La flambée de l’indice de la construction a fait grincer les dents des locataires. Illico, le ministre de l’Economie et des Finances s’est empressé d’évoquer la remise en cause de l’indice du coût de la construction, utilisé pour l’indexation des loyers. Les pouvoirs publics, en revanche, font preuve de moins de mansuétude pour les propriétaires. En renforçant les obligations légales, par exemple sur les ascenseurs, ils alourdissent les charges de copropriété. Comme si elles avaient besoin de ce coup de massue supplémentaire ! En 2003, elles ont ainsi augmenté de 3 %. Pour l’année dernière et celle en cours, les hausses s’annoncent déjà plus importantes. La raison ? « L’envolée du coût de l’énergie se répercute sur le prix du chauffage, l’eau augmente régulièrement et le coût des assurances grimpe », explique Paul Rolland, président de la Confédération nationale des administrateurs de biens (CNAB). Alors, comment faire pour endiguer cette inflation annoncée des charges ? Ou plus simplement pour avoir une addition plus en ligne avec la moyenne des copropriétés ? Selon les données de la CNAB, la note atteignait en moyenne 18,10 euros par mètre carré en 2003, hors travaux exceptionnels. Avec des écarts assez importants d’une ville à l’autre. « Pour qui accepte de se plonger dans les comptes de son immeuble et d’éplucher les contrats de prestations en tout genre, il existe bel et bien des gisements d’économies », assure un syndic bénévole. Etablir une comparaison annuelle des dépenses et des consommations (eau, gaz, fioul, électricité, etc.) sur les cinq ou dix dernières années suffit parfois à détecter des anomalies. Pour vous aider à maîtriser le surcoût, nous avons passé au crible six postes de charges. Ils pèsent plus de 58 % de la facture. Le solde, lui, correspond notamment aux frais de personnel (3,60 euros par m2). Quant aux lotissements, ils doivent faire face à des dépenses très particulières.

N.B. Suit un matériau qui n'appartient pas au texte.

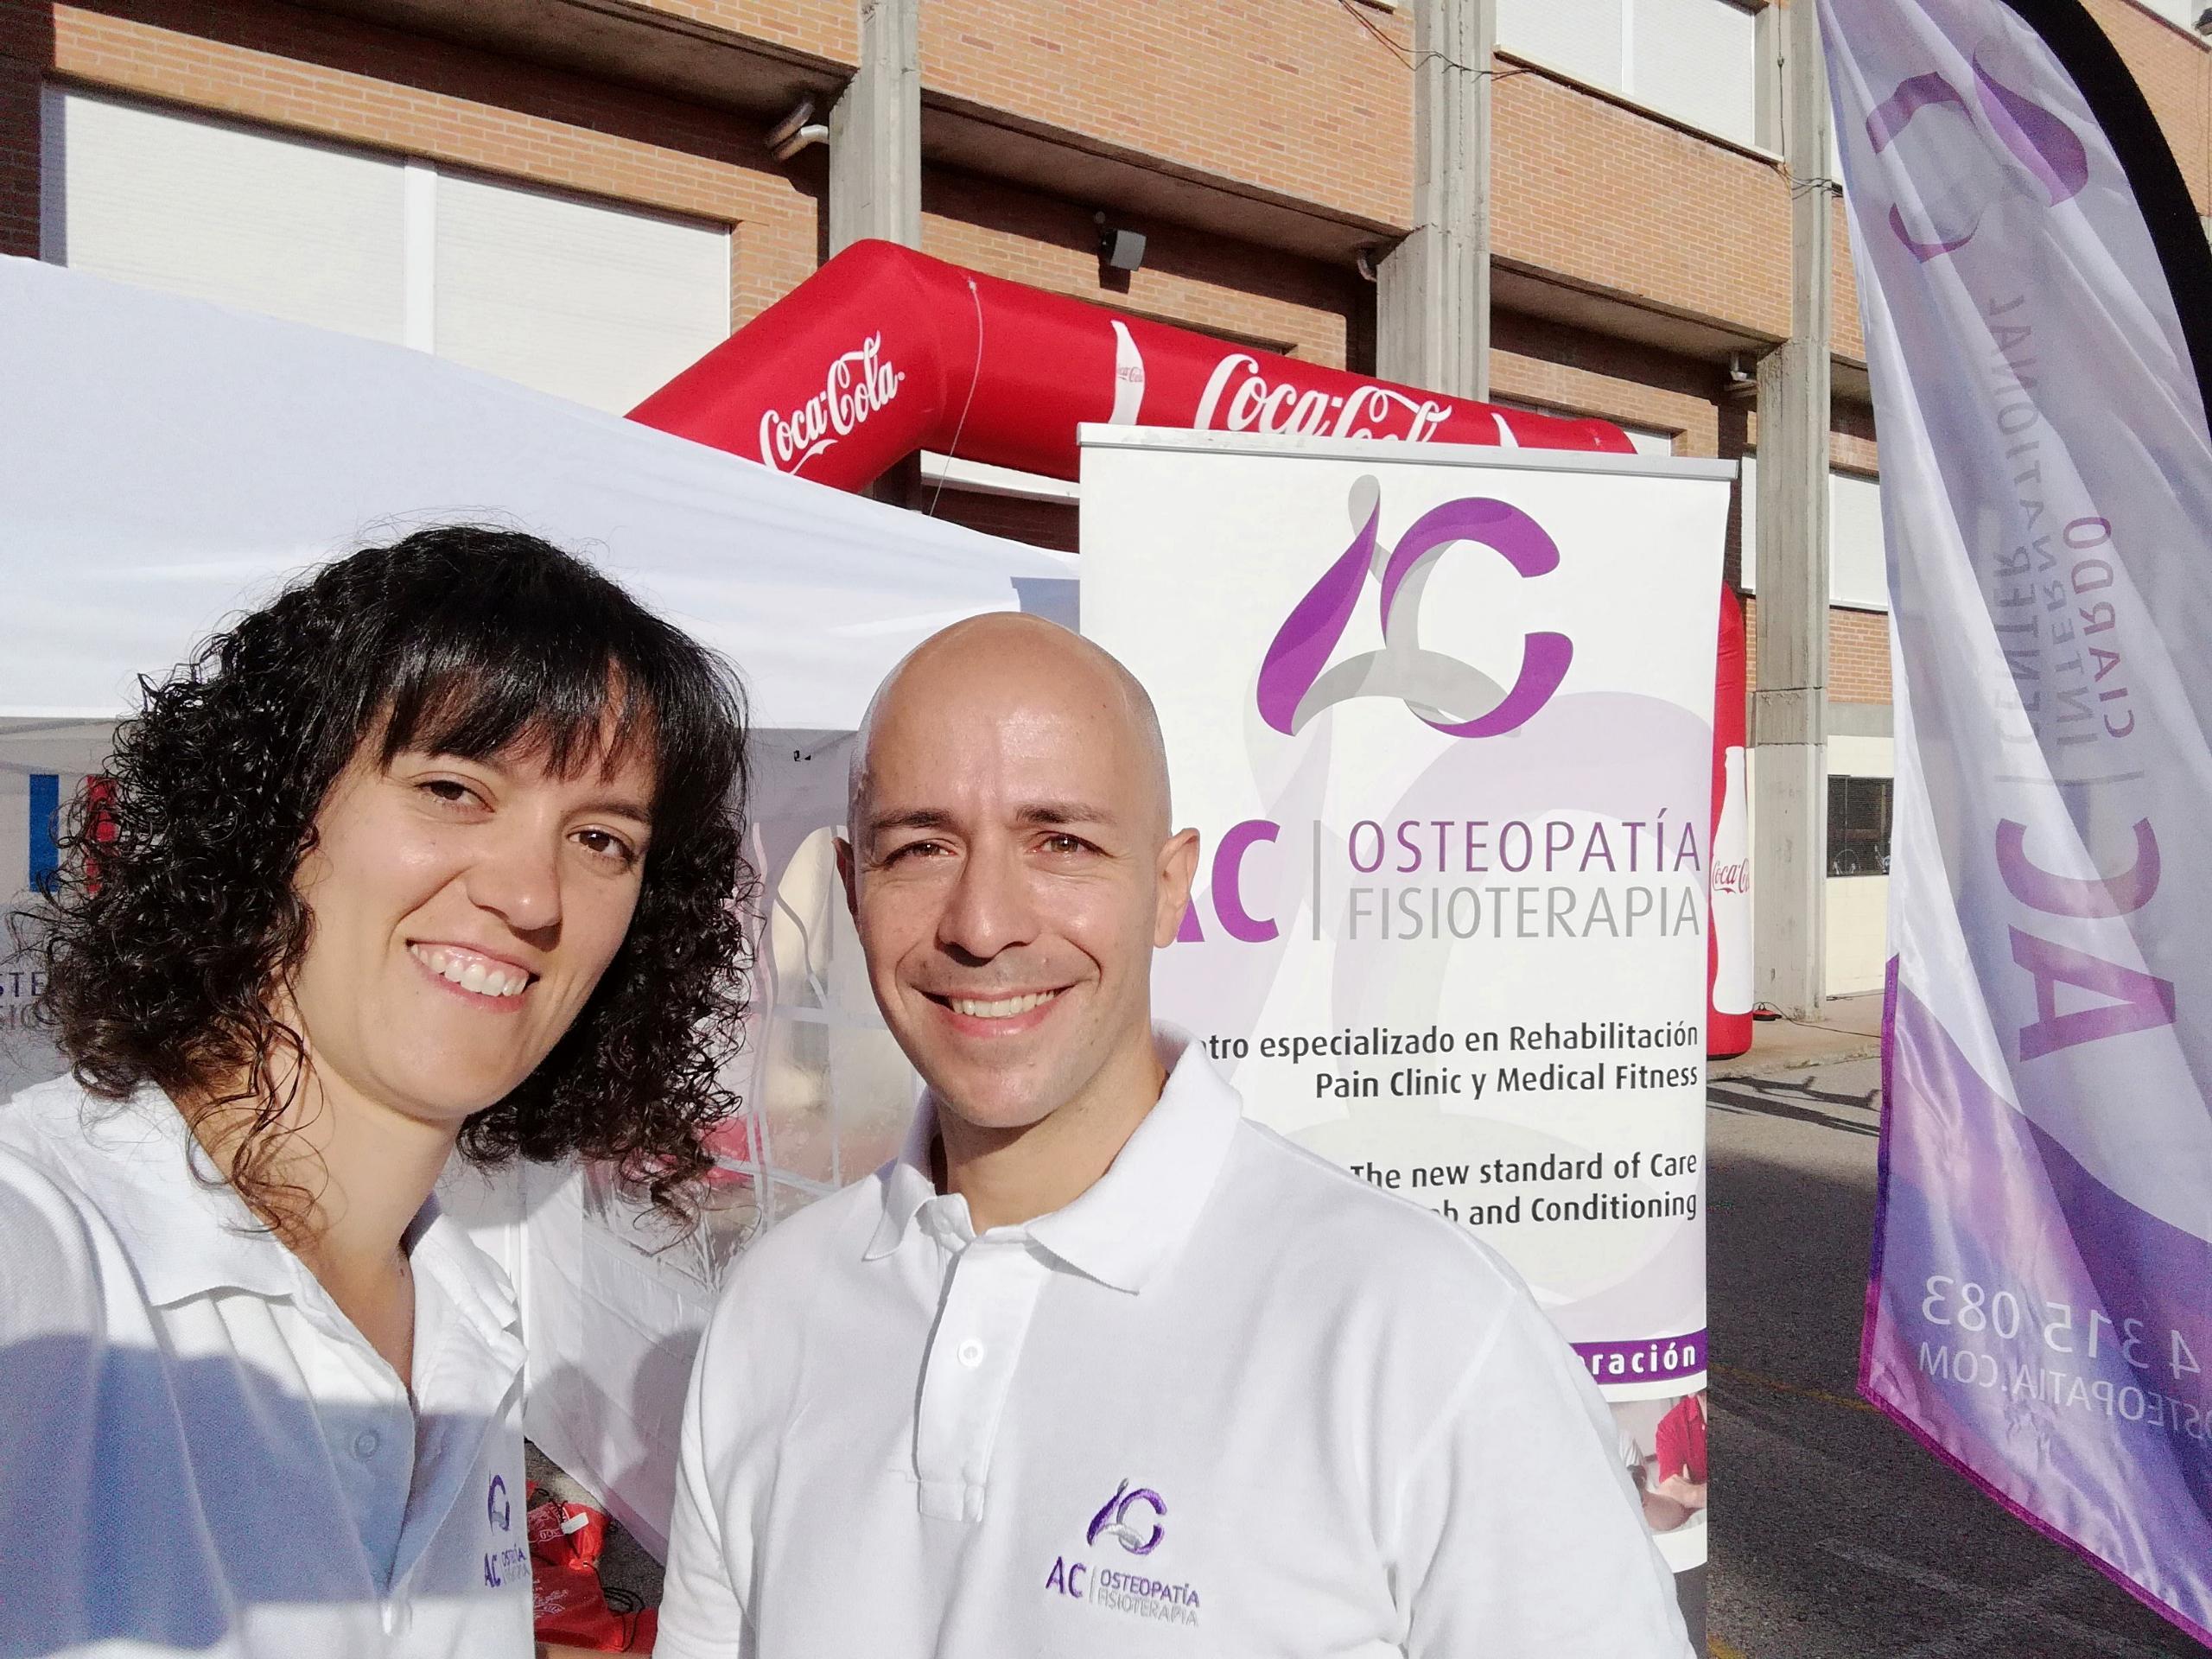 Carrera Madrid Segovia De 100 Km Ac Osteopatia Fisioterapia

| Lotissements : piscines et espaces verts au prix fort |
Les maisons individuelles en lotissement sont parfois organisées en copropriété. Ici, pas de dépenses concernant le chauffage des parties communes ou l’entretien des ascenseurs. Les postes les plus gourmands en charges concernent les espaces verts, la réfection de la voie privée, l’éclairage extérieur, mais aussi l’entretien de certaines installations, comme un court de tennis ou une piscine. La loi du 3 janvier 2003 sur la sécurité des piscines privées a déjà eu une incidence financière sur les dépenses, ces travaux ayant dû être réalisés depuis le 1er mai 2004, notamment pour les locations saisonnières. Ce même texte prévoit que les propriétaires de piscines construites avant le 1er janvier 2004 doivent installer un dispositif de sécurité avant le 31 décembre 2005. |
C’est la région parisienne (qui l’eût cru!) qui détient le record des charges avec 24,90 euros au mètre carré (contre une moyenne de 18,10 pour l’ensemble de l’Hexagone). Clermont-Ferrand est la « moins disante » avec 8,10 euros par mètre carré. Elle affiche même une diminution de charges de 2,4 % par rapport à 2002. Tout comme Rennes (-1%), Bourg-en-Bresse (-1,8%) et Nantes (-1,8%). Alors que sur la même période la moyenne nationale progresse de 3 %. C’est à Pau qu’elles ont le plus augmenté (+6,2%). Néanmoins, le niveau des charges y reste modéré avec 14,40 euros au mètre carré.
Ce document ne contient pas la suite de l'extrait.